Source material
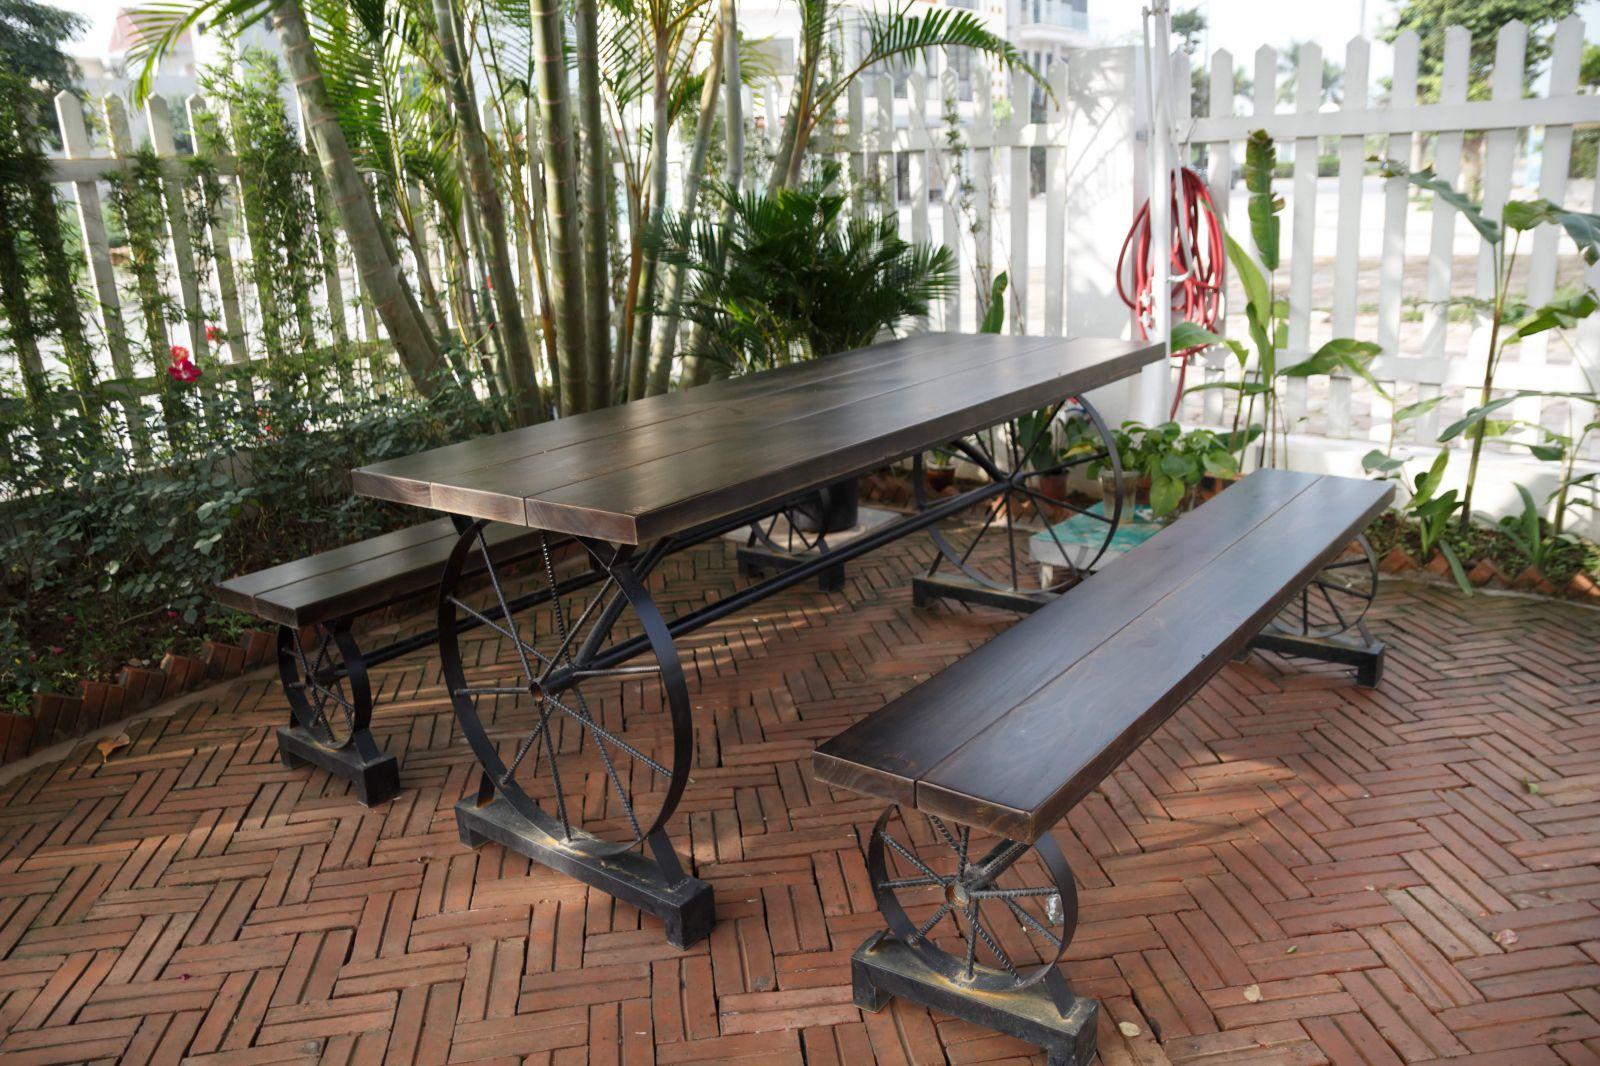 bộ bàn ghế cafe sân vườn mv310 pcm sản xuất
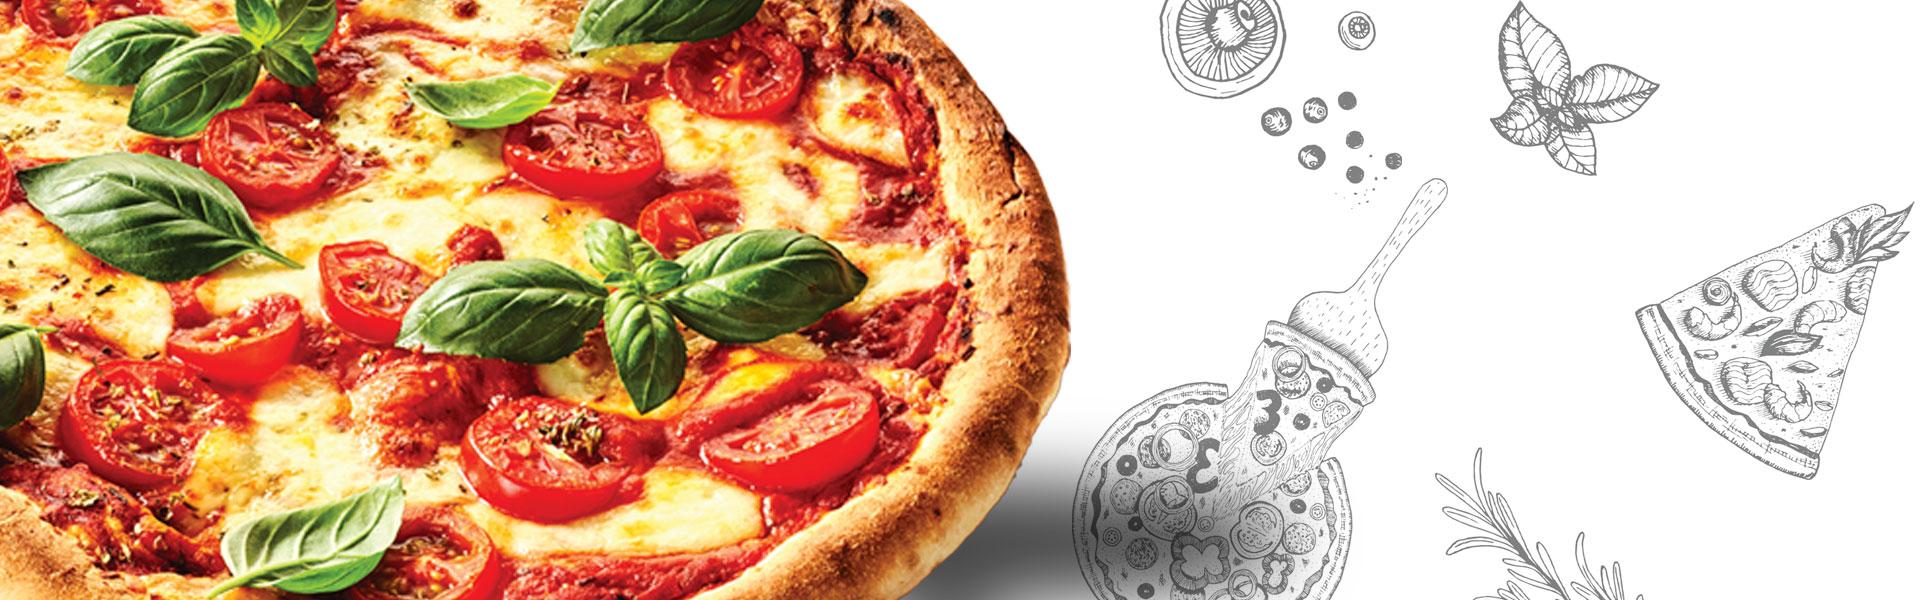 Пицца-в-подарок2
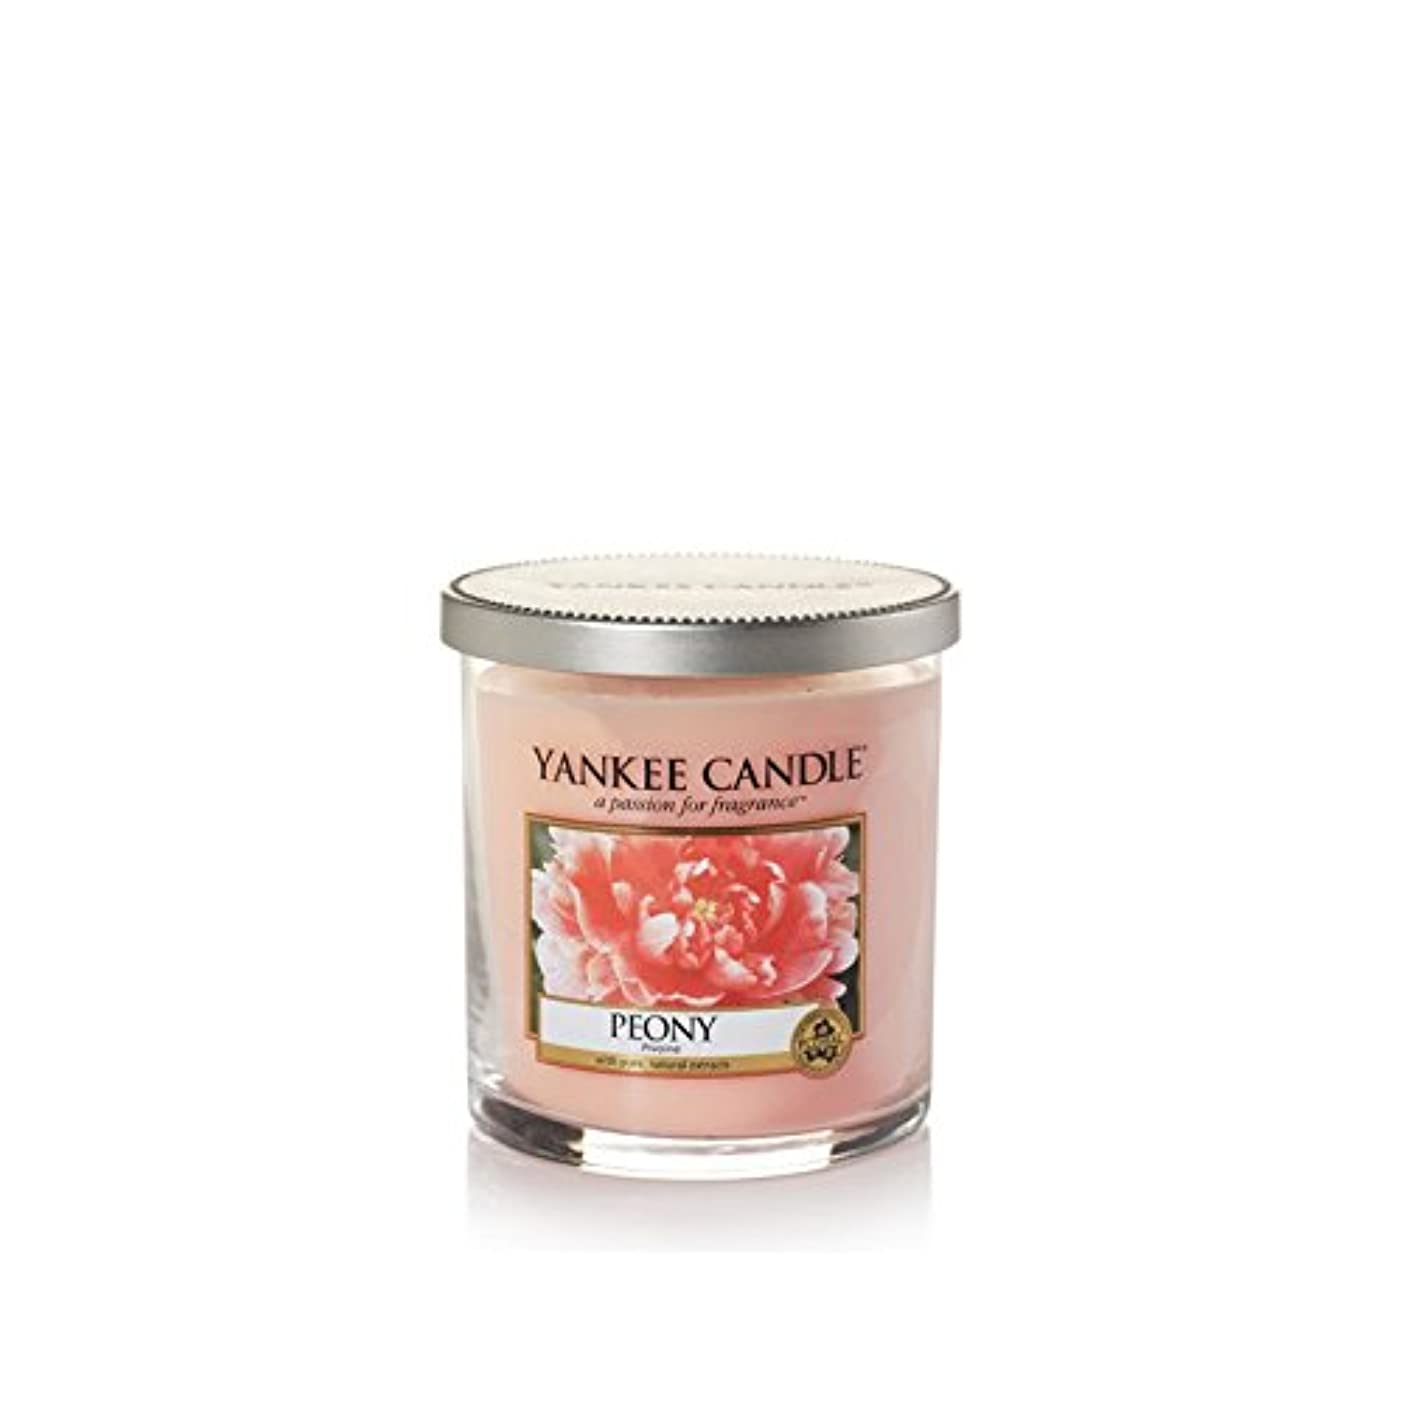 誕生日直径ピースYankee Candles Small Pillar Candle - Peony (Pack of 6) - ヤンキーキャンドルの小さな柱キャンドル - 牡丹 (x6) [並行輸入品]

Work instruction
Write the material out again exactly as it appears, dropping the pictures.

Exercise output
 bộ bàn ghế cafe sân vườn mv310 pcm sản xuất
 Пицца-в-подарок2
 誕生日直径ピースYankee Candles Small Pillar Candle - Peony (Pack of 6) - ヤンキーキャンドルの小さな柱キャンドル - 牡丹 (x6) [並行輸入品]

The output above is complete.